Under this line are records; the part from the line containing "artist, Wayne Charmer." through the line containing "For Wayne Charmer, the" should be repeated exactly. Please exclude pictures.

* DATA EXTRACTS *
-------------------------

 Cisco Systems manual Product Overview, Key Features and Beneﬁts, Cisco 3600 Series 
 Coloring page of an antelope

-------------------------

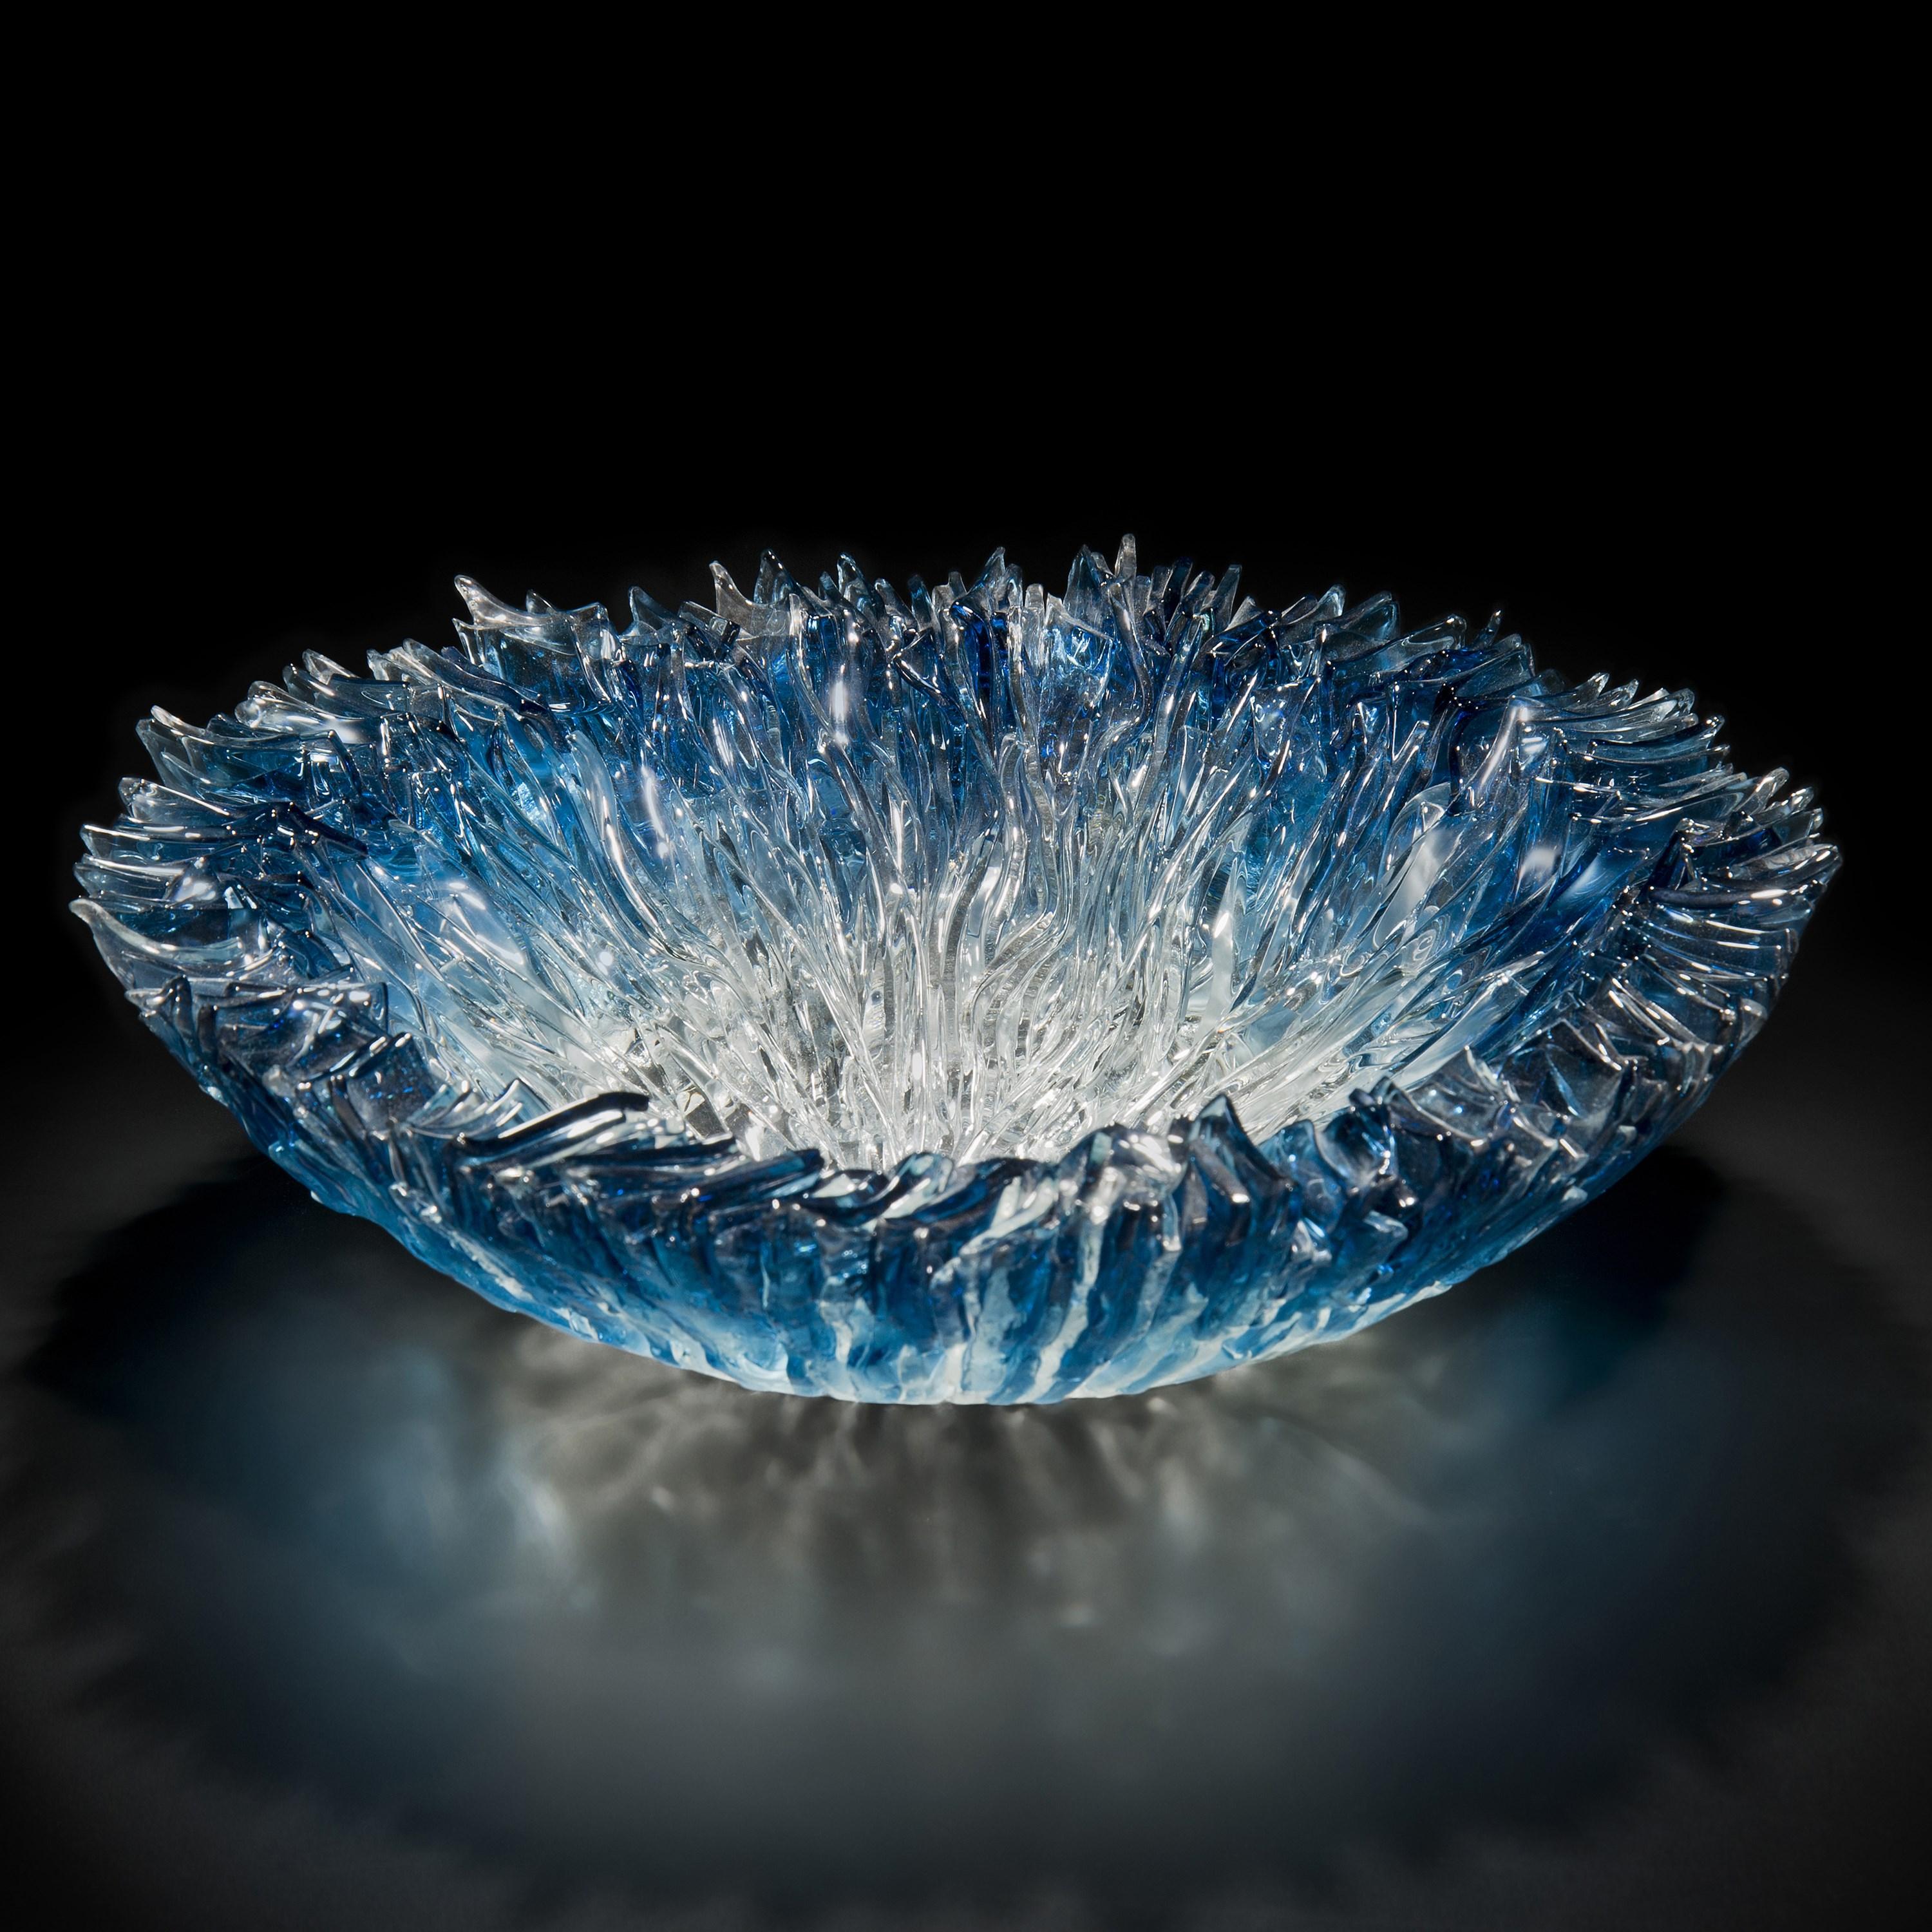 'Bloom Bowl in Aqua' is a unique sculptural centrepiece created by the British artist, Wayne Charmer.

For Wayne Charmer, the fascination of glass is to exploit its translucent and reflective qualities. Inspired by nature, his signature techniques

-------------------------

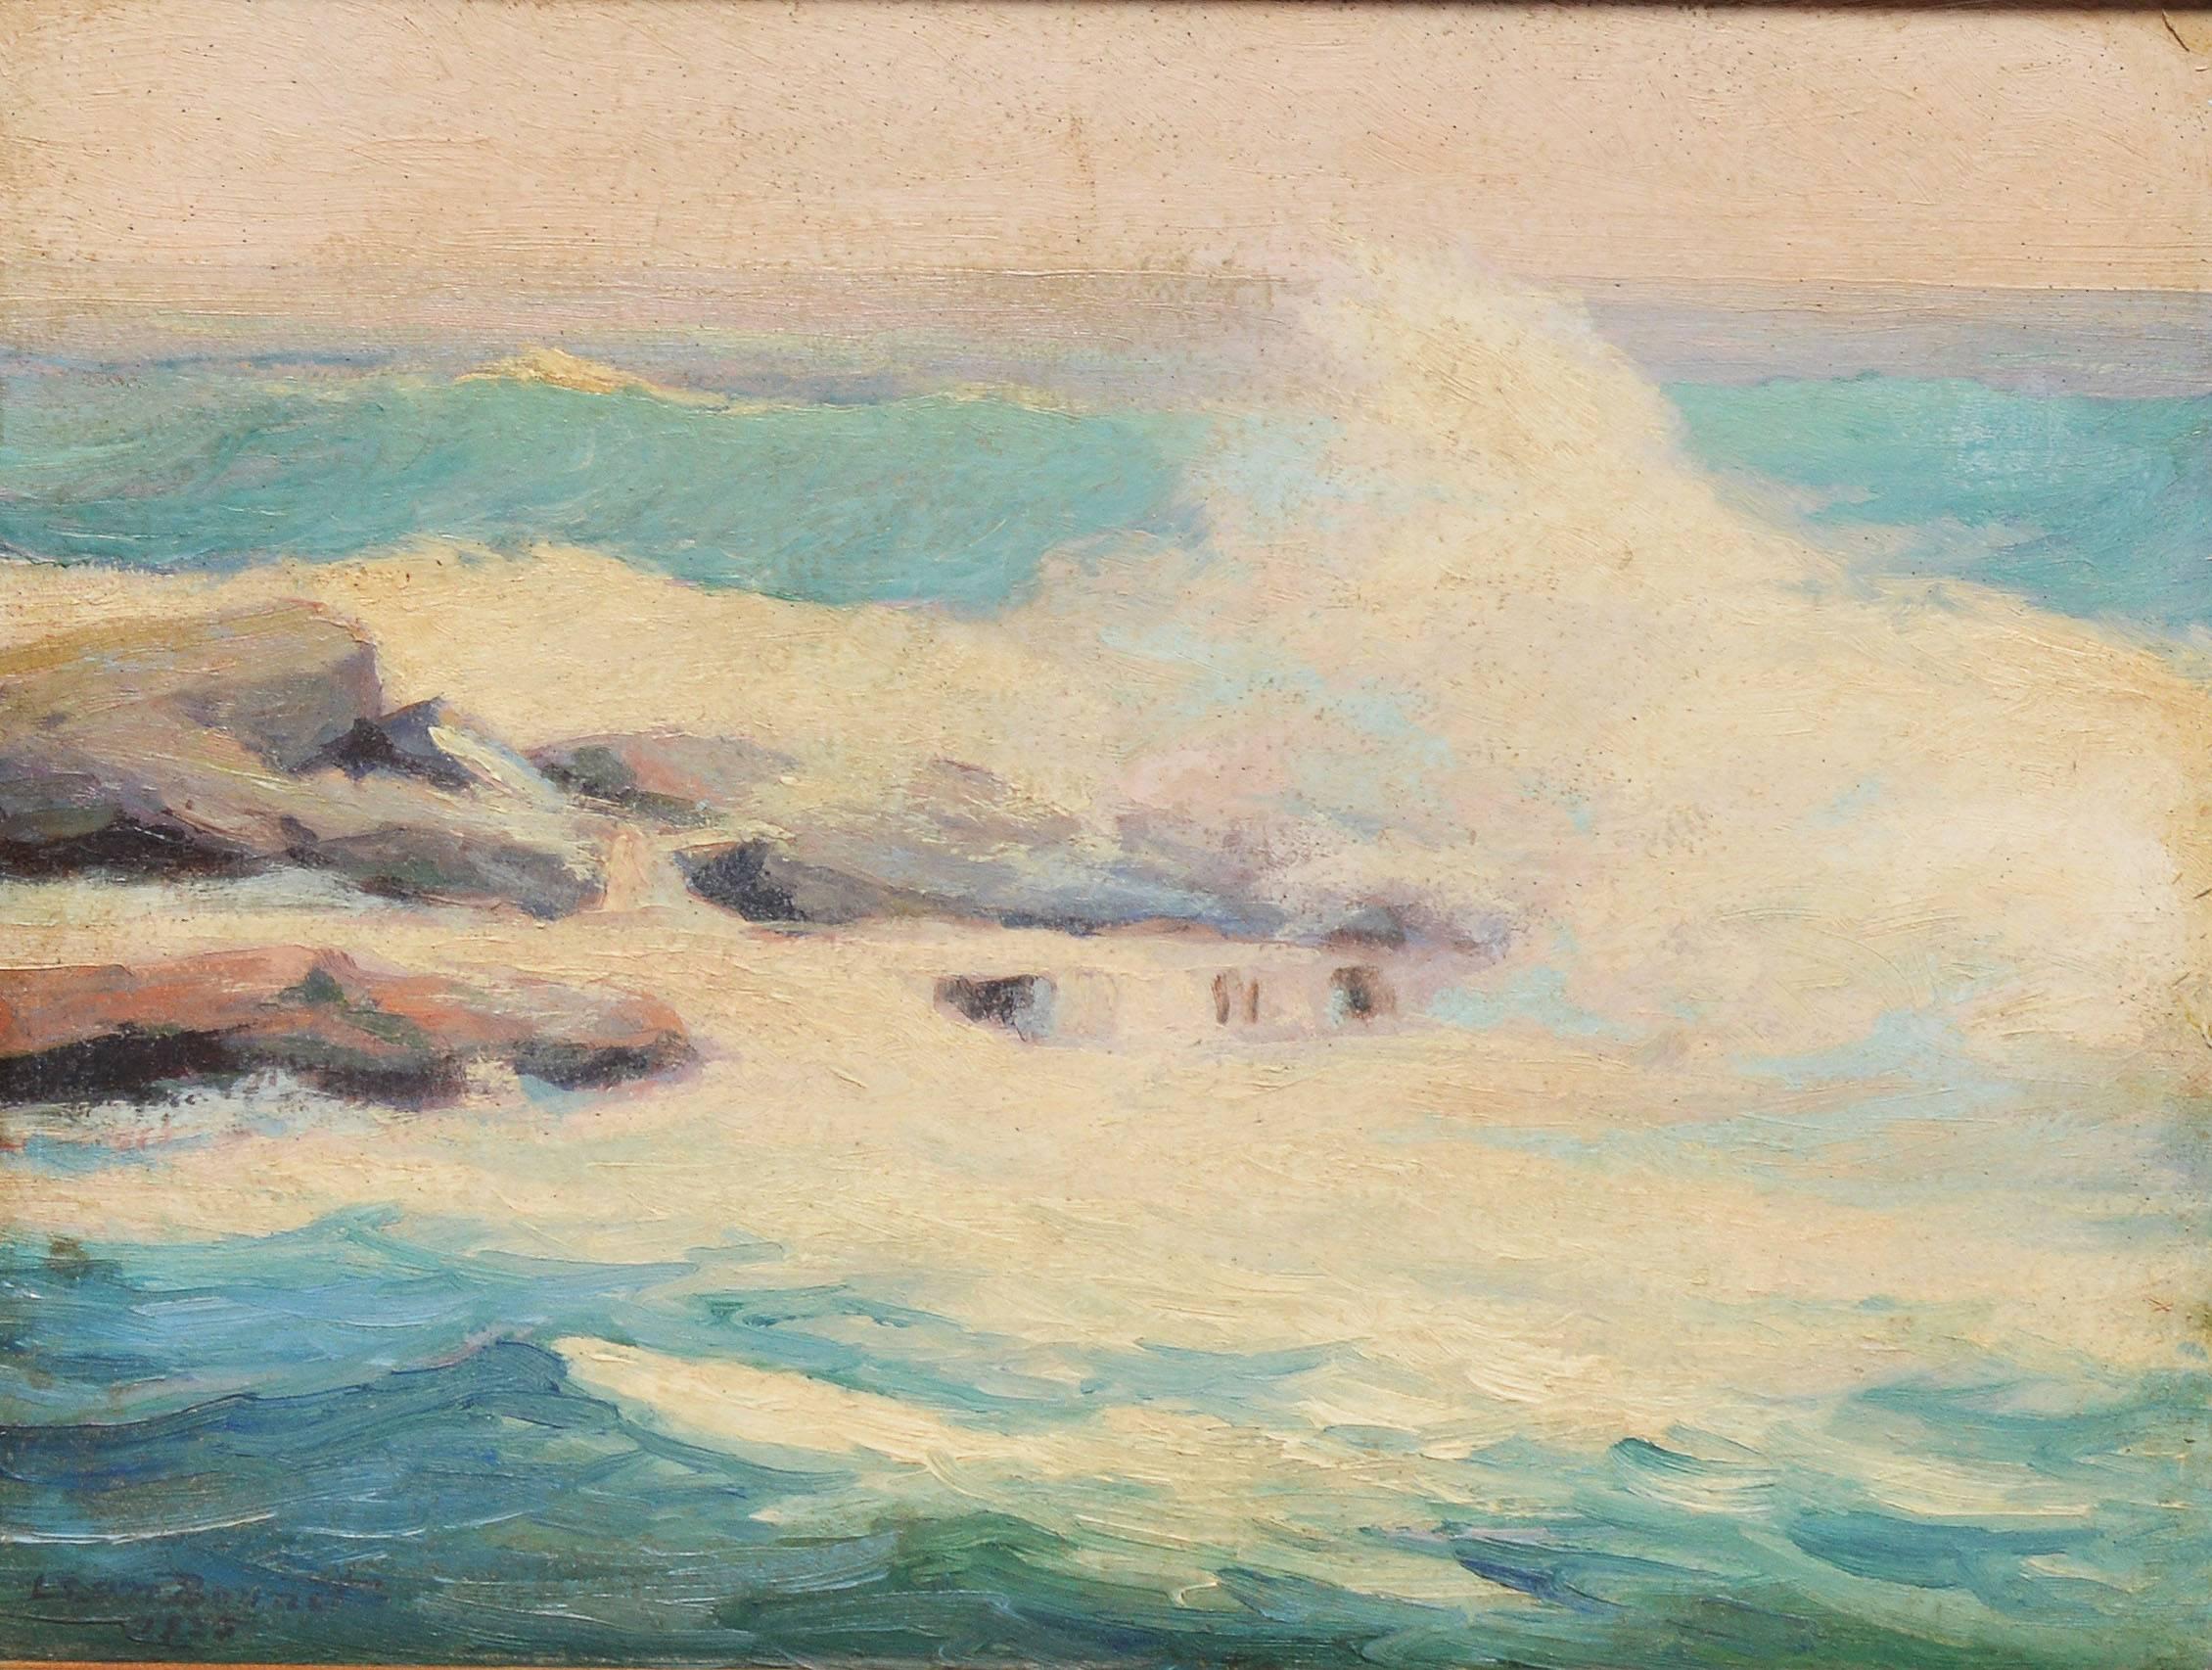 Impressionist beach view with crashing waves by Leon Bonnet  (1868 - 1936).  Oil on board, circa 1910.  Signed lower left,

-------------------------

* EXERCISE SOLUTION *
 'Bloom Bowl in Aqua' is a unique sculptural centrepiece created by the British artist, Wayne Charmer.

For Wayne Charmer, the fascination of glass is to exploit its translucent and reflective qualities. Inspired by nature, his signature techniques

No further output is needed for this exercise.